Jabba's Palace: The Star Jewel limped into its docking bay and sat on its charred landing gear before the gear gave way and the craft fell onto the bay itself. From the main entrance, Jabba emerged flanked by his gamorrean guards as around him, the members of his court also flooded out. Once they were gone, a roar filled the air as the Chariot LAV emerged and coasted to a halt. Neva Kee, Kirby, Zoda, Treadwell, and Zobba emerged and Zoda flipped open the hood to look at the damage.

"Can you fix it?" asked Neva hopeful. The inside was a mess as everything had gotten rattled during the various crashes the ship had faced. "I'd rather have a quick getaway vehicle if Jabba decides to rescind his generosity."

"I'll have to," he reasoned helplessly. "Kirby, Treadwell, let's get to work."

"Right," came the response from the puffball as Treadwell revved its motor.

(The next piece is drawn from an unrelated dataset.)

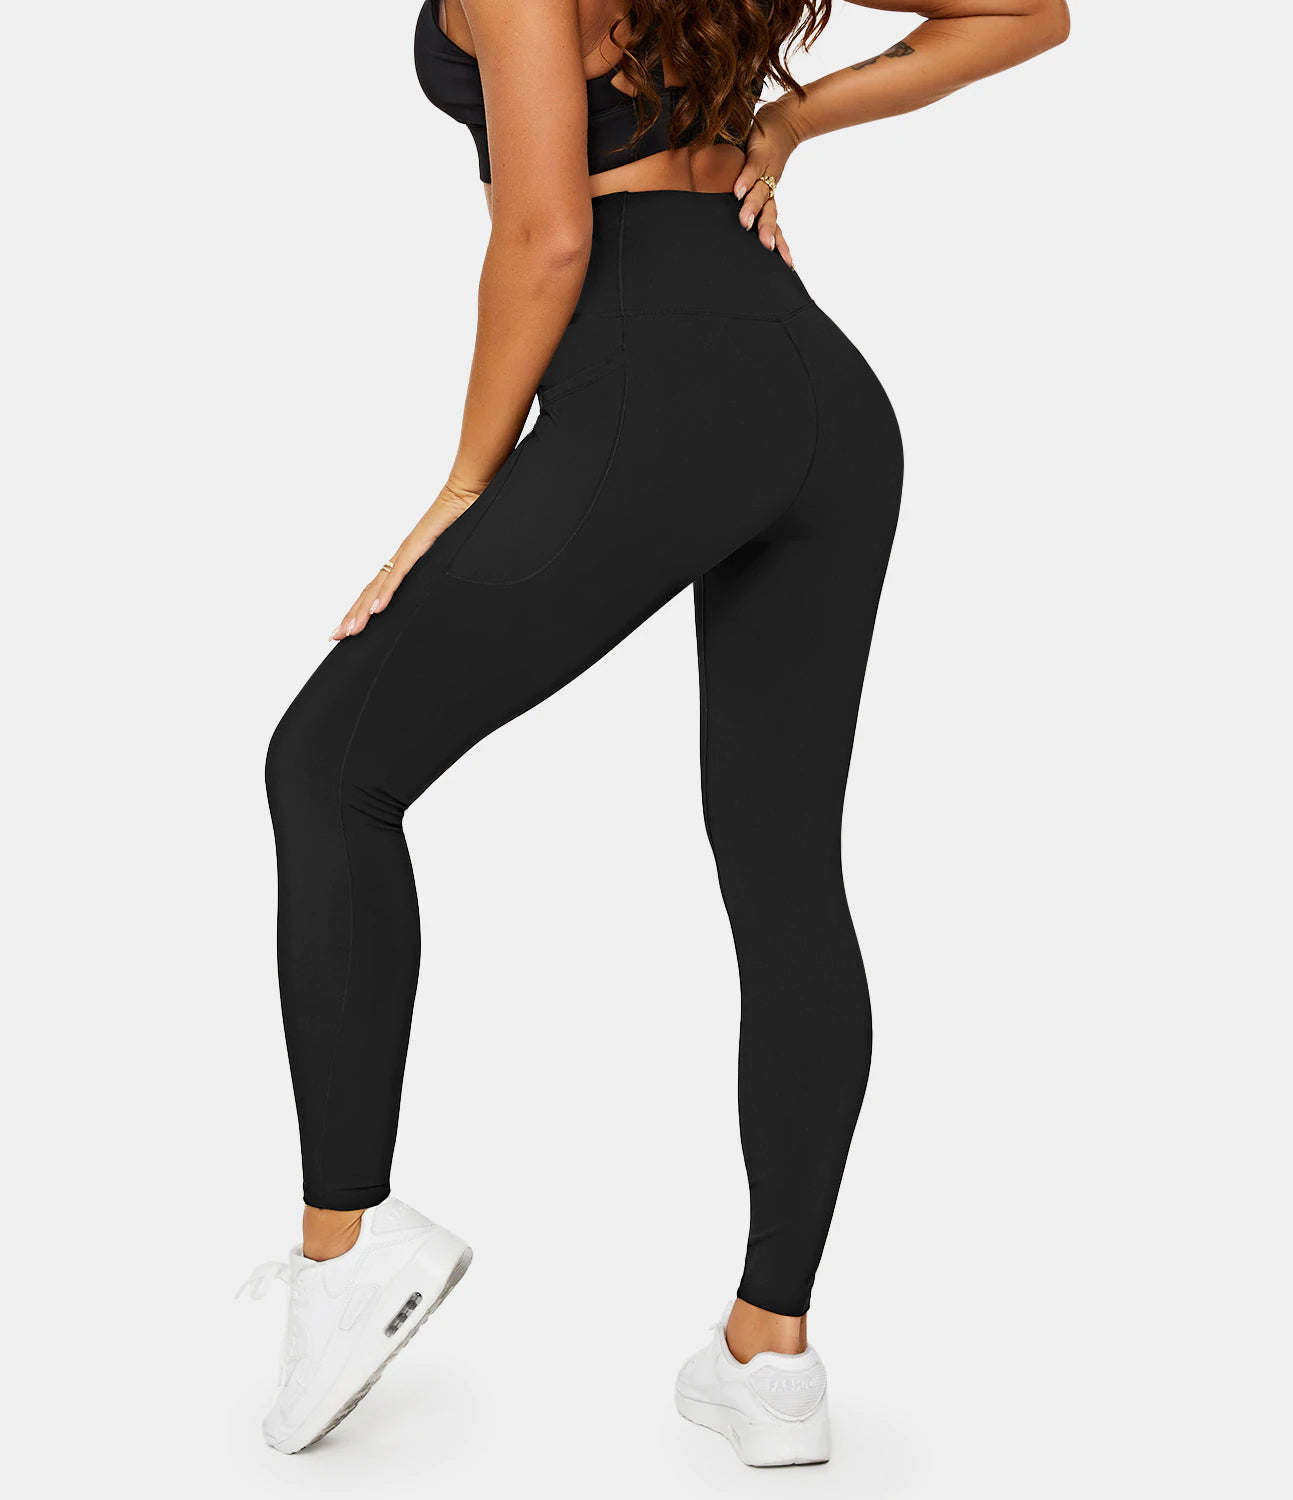 

Halara PatitoffВ® Pet Hair Resistant High Waisted Crossover Plain Leggings - Black Plum -  gym leggings leggings with pockets
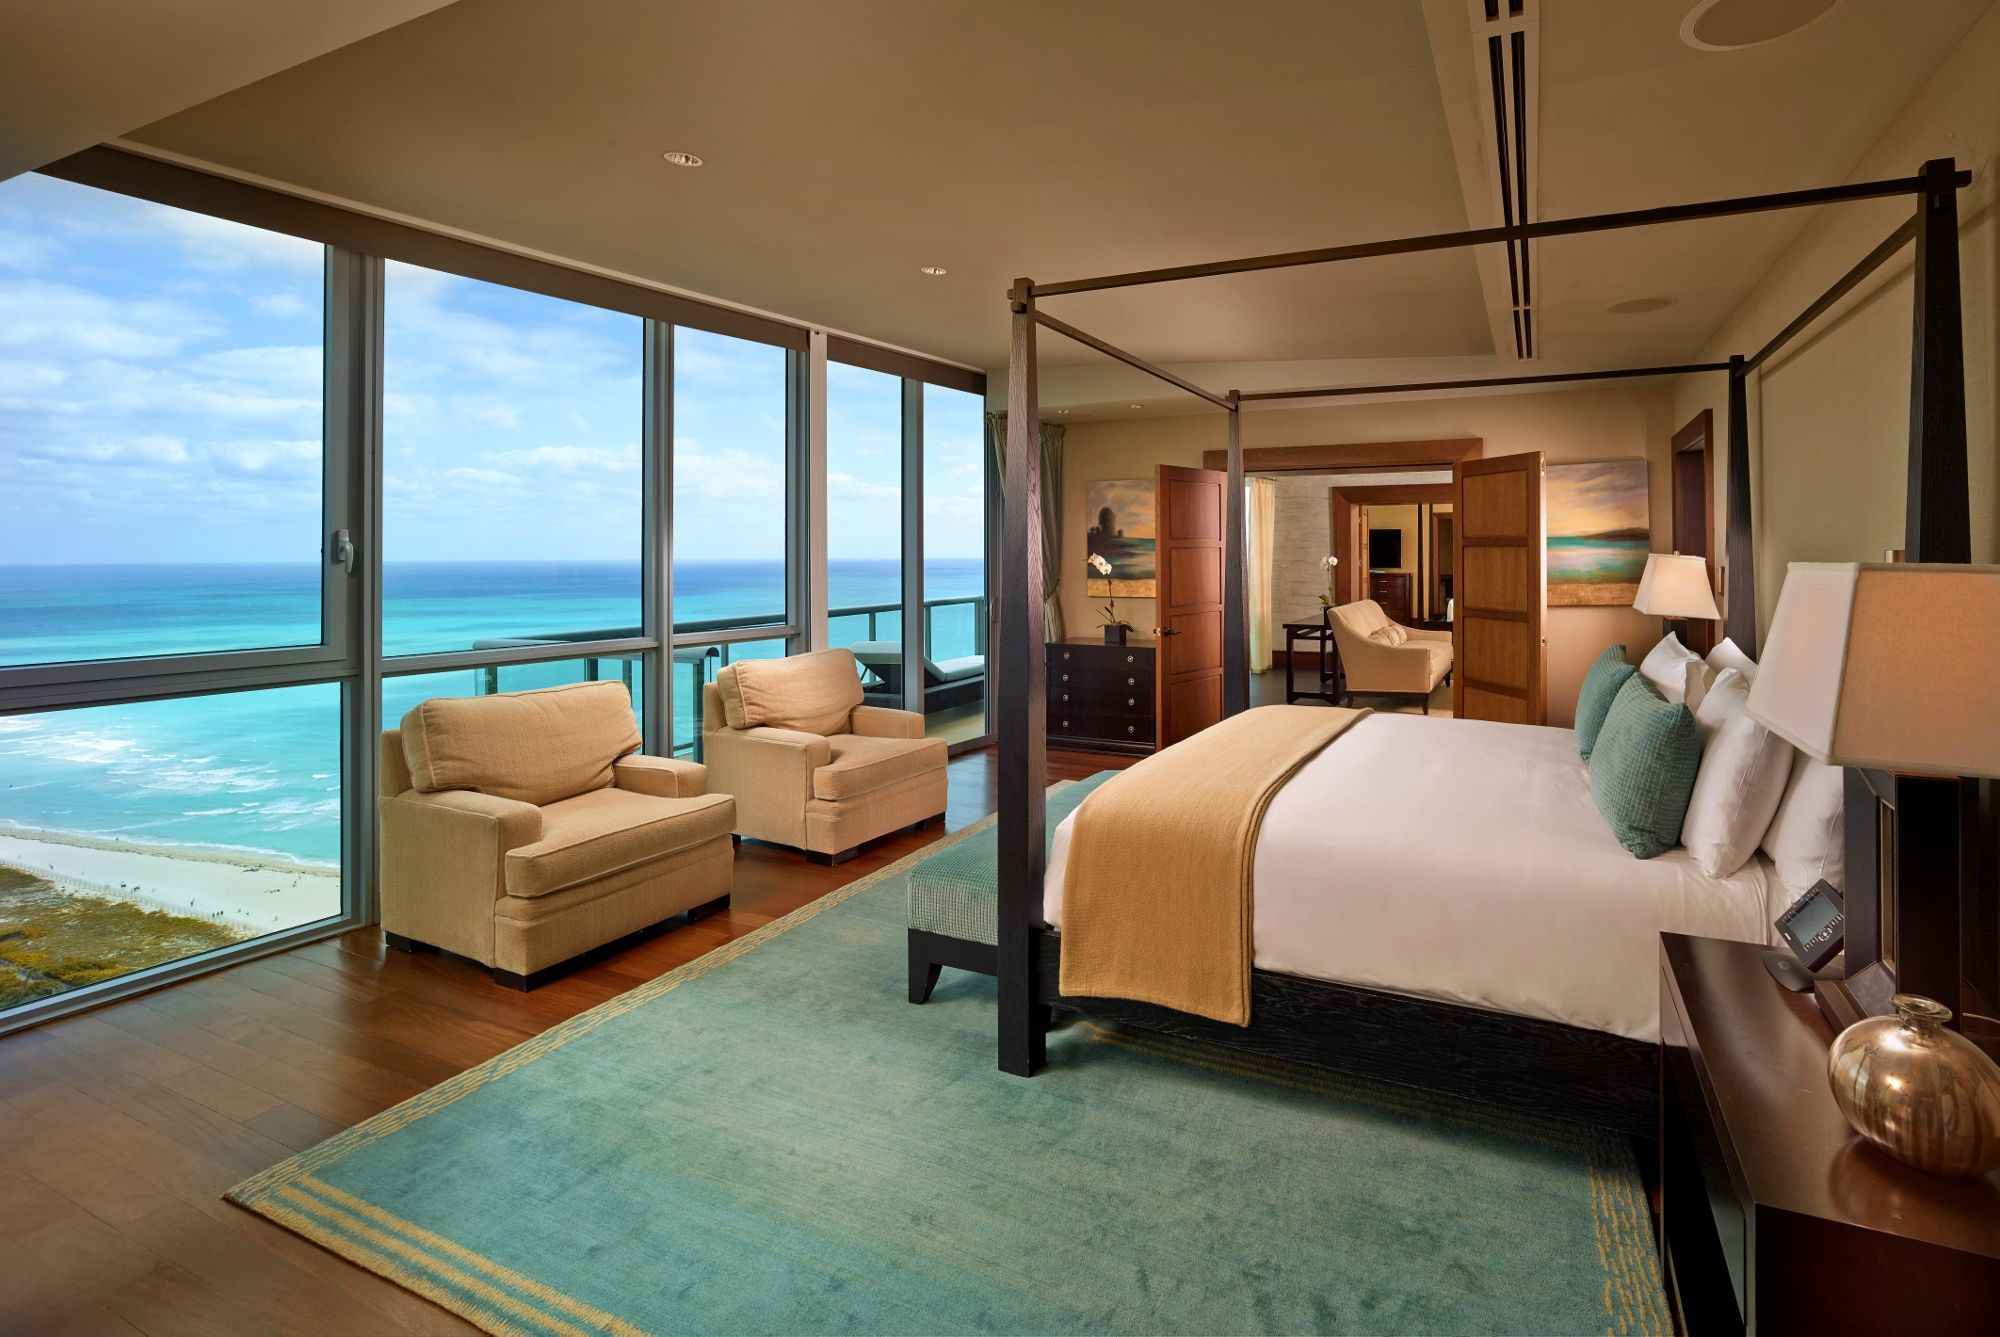 Топ 5 отелей. «The Setai» в Майами. The Setai Miami Beach 5. Спальня с видом на море. Спальня с видом на океан.

Neva nodded and motioned to Zobba to follow him and the two went further into the palace. The two went down various corridors and hallways, each more decadent and diseased than the next, before emerging in Jabba's wardroom.

It was a dark room to say the least, the only light coming from the various consoles that adorned the room. The Hutt for his part was in front of his 3-D holographic imager accompanied by his advisors and was talking with them in hushed tones. Zobba looked around at the various monitors, but as soon this Hutt focused on any monitor in particular, it shot off. But then as soon as he looked away it shot back on.

"Oh," said Zobba at a bit of a loss. He tried to look at another monitor but got the same results. "Hmmm…."

Neva Kee for his part had no trouble looking at the monitors as they didn't shut off for him.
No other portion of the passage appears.